Server is Ubuntu v20. ISPConfig is v3.2.2, soon 3.2.8. I created a Shell-User via ISPConfig. I added my SSH-RSA Public Key (for key-based logins). My private key is used for SSH to user ubuntu. It always works. I tried to SSH/SFTP with Filezilla and it reports the dreaded "Server refused our key". The debug trace in Filezilla shows a good connection, it found my .ppk and successfully loaded a key pair. It then offers the public key which is refused. I set sshd for DEBUG3 logging. It can't access site00/subdomain/home/user/.ssh/authorized_keys. As configured in the Options tab, the log shows the SSHD is temporarily using the web00 user to access the file and is getting a basic "permission denied". It turns out the "home" folder there is created with ownership root:root. When changed to web00:client00, and the tree is given owner read access, then the connection is successful. Bug or feature? Thanks!
that's an odd path, did you set a custom path/location for your web files? i would expect the path to be /var/www/<domainname>/home/<username>/.ssh/authorized_keys, there would also be a /var/www/<domainname>/home/web## folder, although this one doesn't contain a .ssh folder. (or replace <domainname> with <clients/client##/web##> how long did you wait for the new ssh account to be created before logging in? it's possible you just tried to connect too quickly. i've found it can take several minutes (or even longer, depending on how much you have in the jailkit) copying/creating the chroot file structure in the website area. it may still be copying files to /bin or /etc, as far as i can remember, the users home folder is created early, owned by root:root, and this ownership only gets changed to web##:client## once the entire jailkit file system has been created.

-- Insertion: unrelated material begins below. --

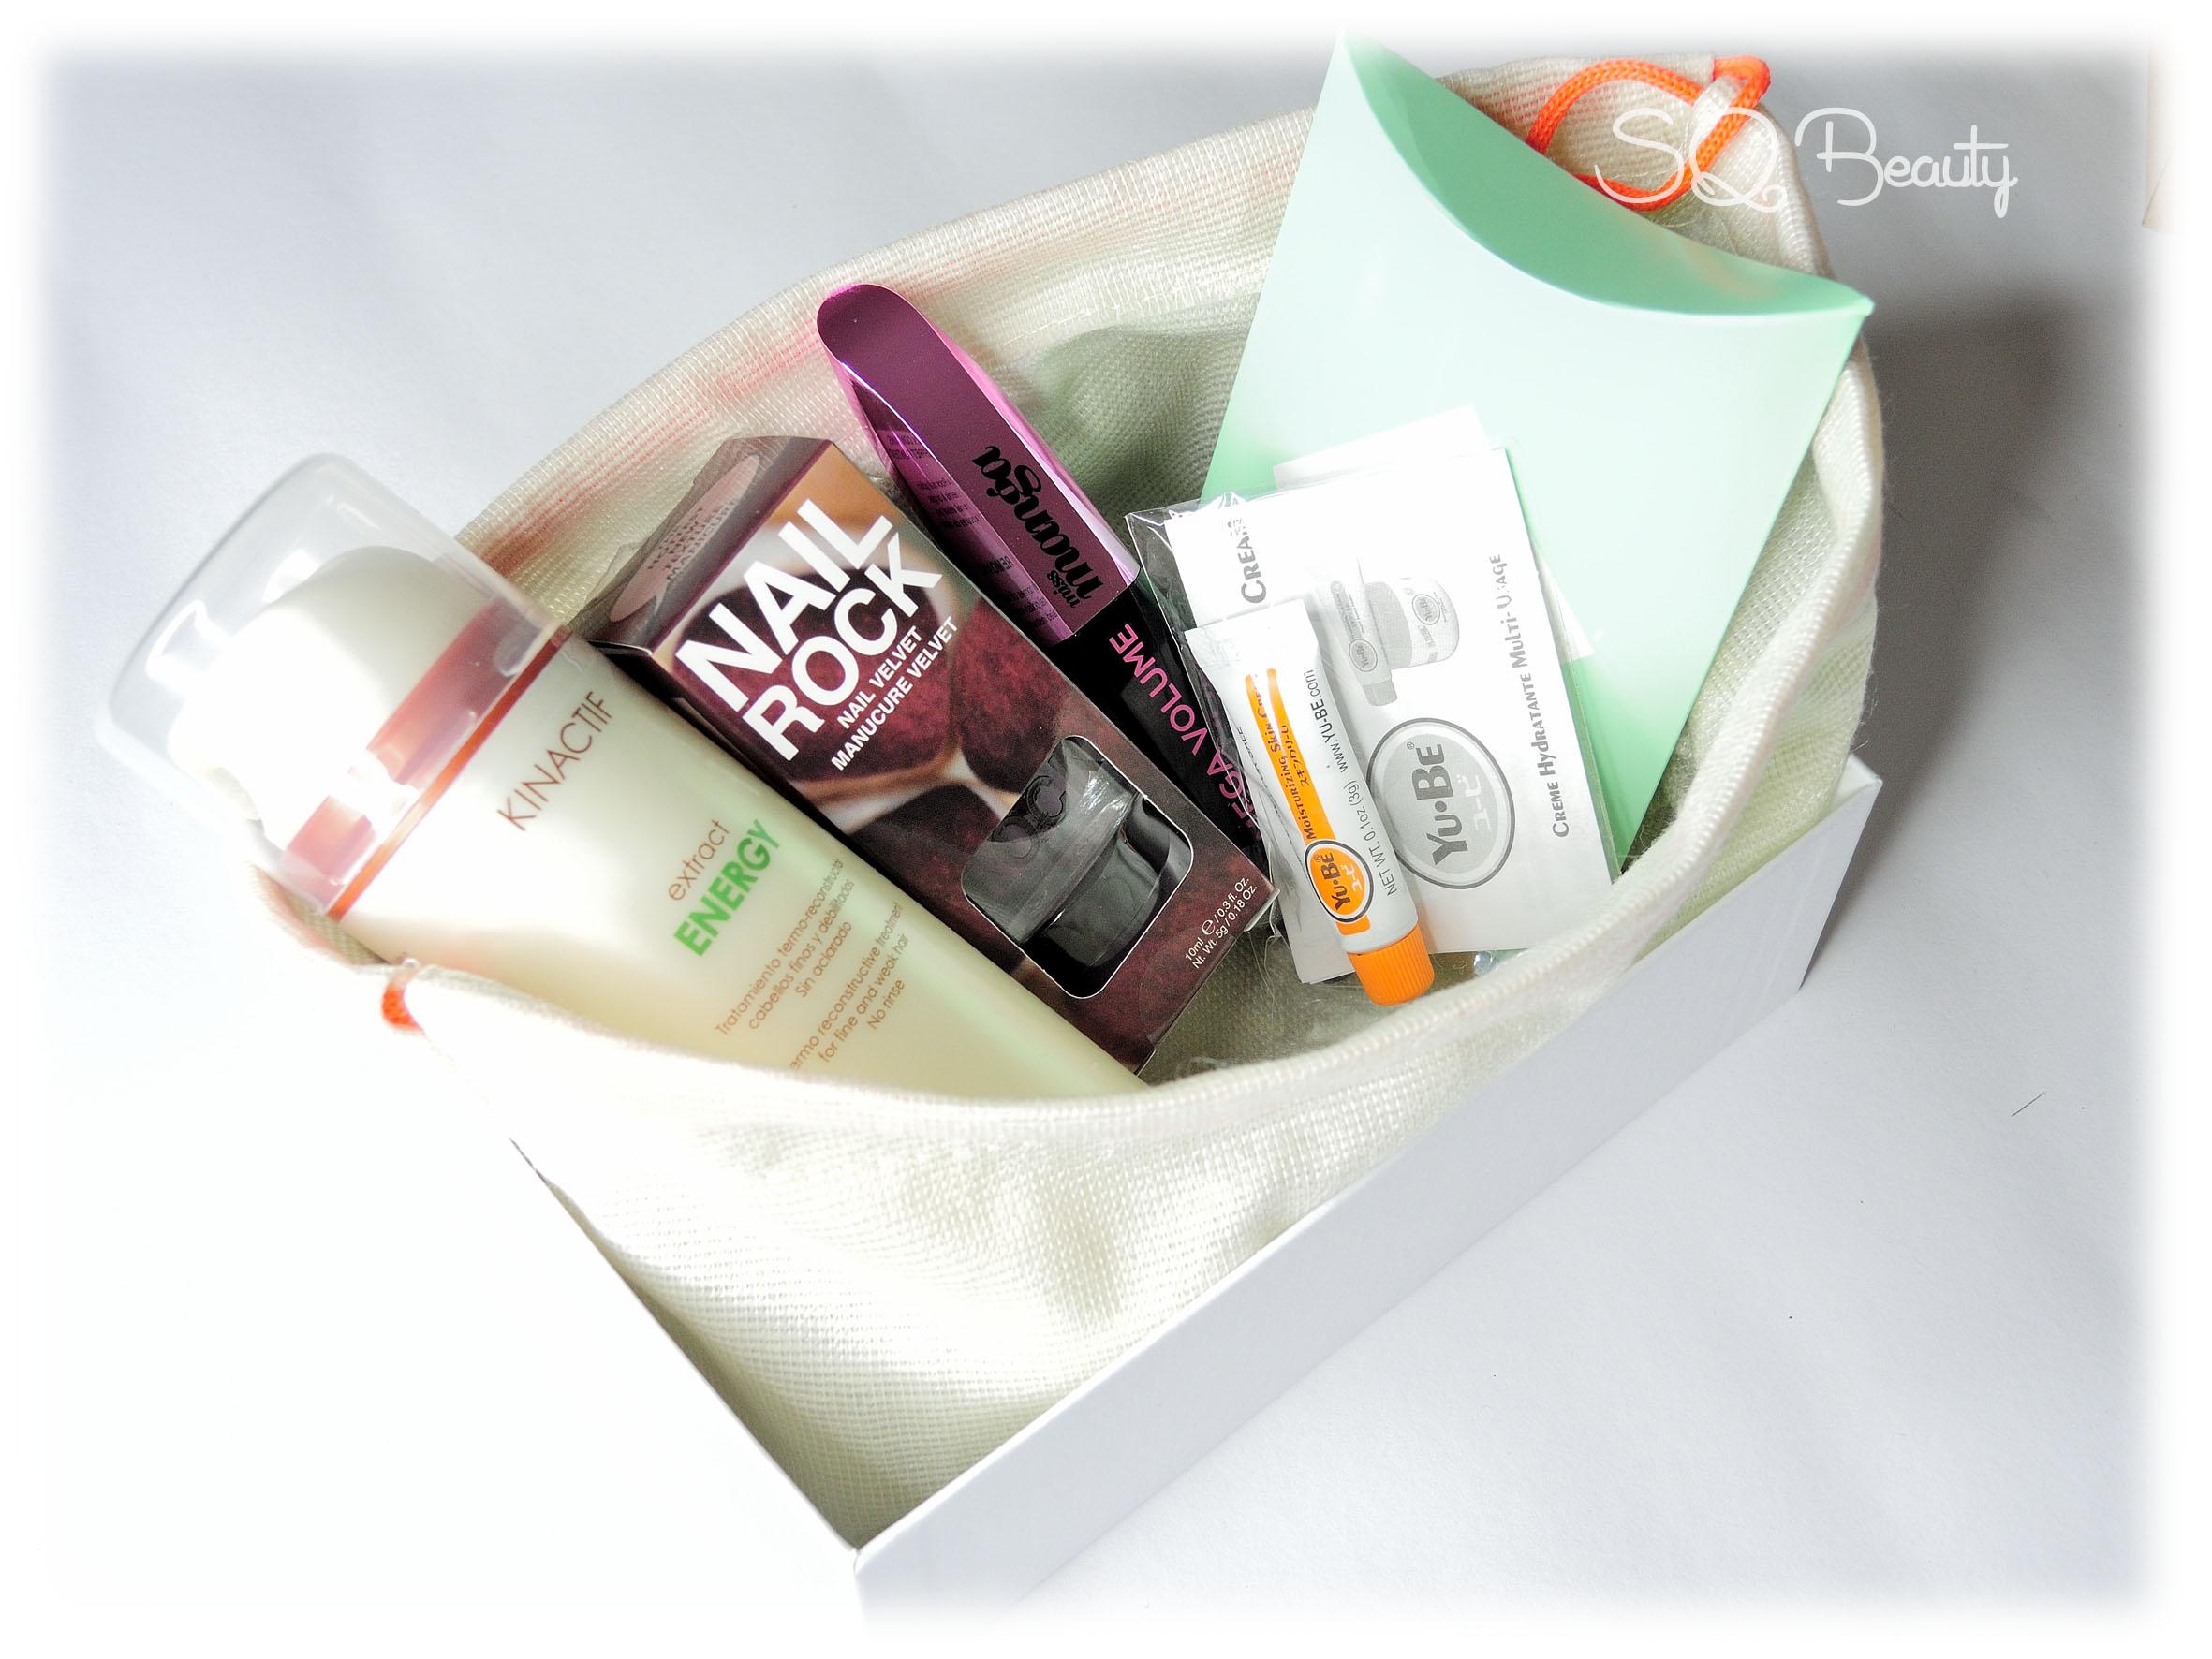 Cajitas Glossy Box y Birch Box de Enero Silvia Quiros SQ Beauty

It's simply clouds/cloud00/site00 rather than clients/client##/web##. It's configured in ISPConfig as such and has not been an issue. Yes, ISPconfig creates /var/www/domain links to those paths as well. That doesn't seem to be an issue. That IS the correct path. I had changed my base dir to a subdomain which was not procedurally correct. I just did another test and need to re-explain this... The default base_dir for a SSH user in a default ISPConfig installation is client##/web##. Create a shell user and we get client##/web##/home/username = base_dir/home/username. Set a RSA key and the user can login without an issue. Change the base_dir. Use client##/web##/shell. As expected the user gets created under client##/web##/shell/home/username. Both .shell and .shell/home get created as root:root. But to accesss the authorized_keys, .shell permissions must be web##:client##. That is: root:root web## root:root web##/shell << Needs to be web##:client## root:root web##/shell/home web##:client## /shell/home/username/.ssh/authorized_keys I don't know if this is a bug but it's certainly something that an admin would need to know.
Similarly, switch a user to JailKit with the base folder: client##/web##/jailroot. With the default prefix, the user folders become: client##/web##/jailroot/home/username... That jailroot folder is created as root:root, but web##:client## is required for login to access down to the authorized_keys. (EDIT) OR: permissions 755, which I don't think is safe. I tried 754 and it didn't permit access. I've read that there must be a higher level root-owned folder for JailKit. I have not created a safe Jail and need to learn how to do this properly. I'm stuck on the paradox that this specific root folder needs to be accessible by the username to login. I'm doing more research on this but I'm hoping to get info here on how this is expected to work here. Thanks! Related doc update by @Jesse Norell https://git.ispconfig.org/ispconfig/ispconfig3/-/issues/2824
i've never changed the basedir, or created a specific folder for the jailkit chroot. it's always just been /var/www/clients/client##/web## it'll create the folder home, owned by root:root, permissions 755. and in home, it'll create a folder web## and <username> both of these will, by the end of jailkit creation, be owned by web##:client## with permissions 750, the username folder will contain a .ssh folder, owner web##:client## permissions 700, same ownership for the authorized_keys file, permissions 600.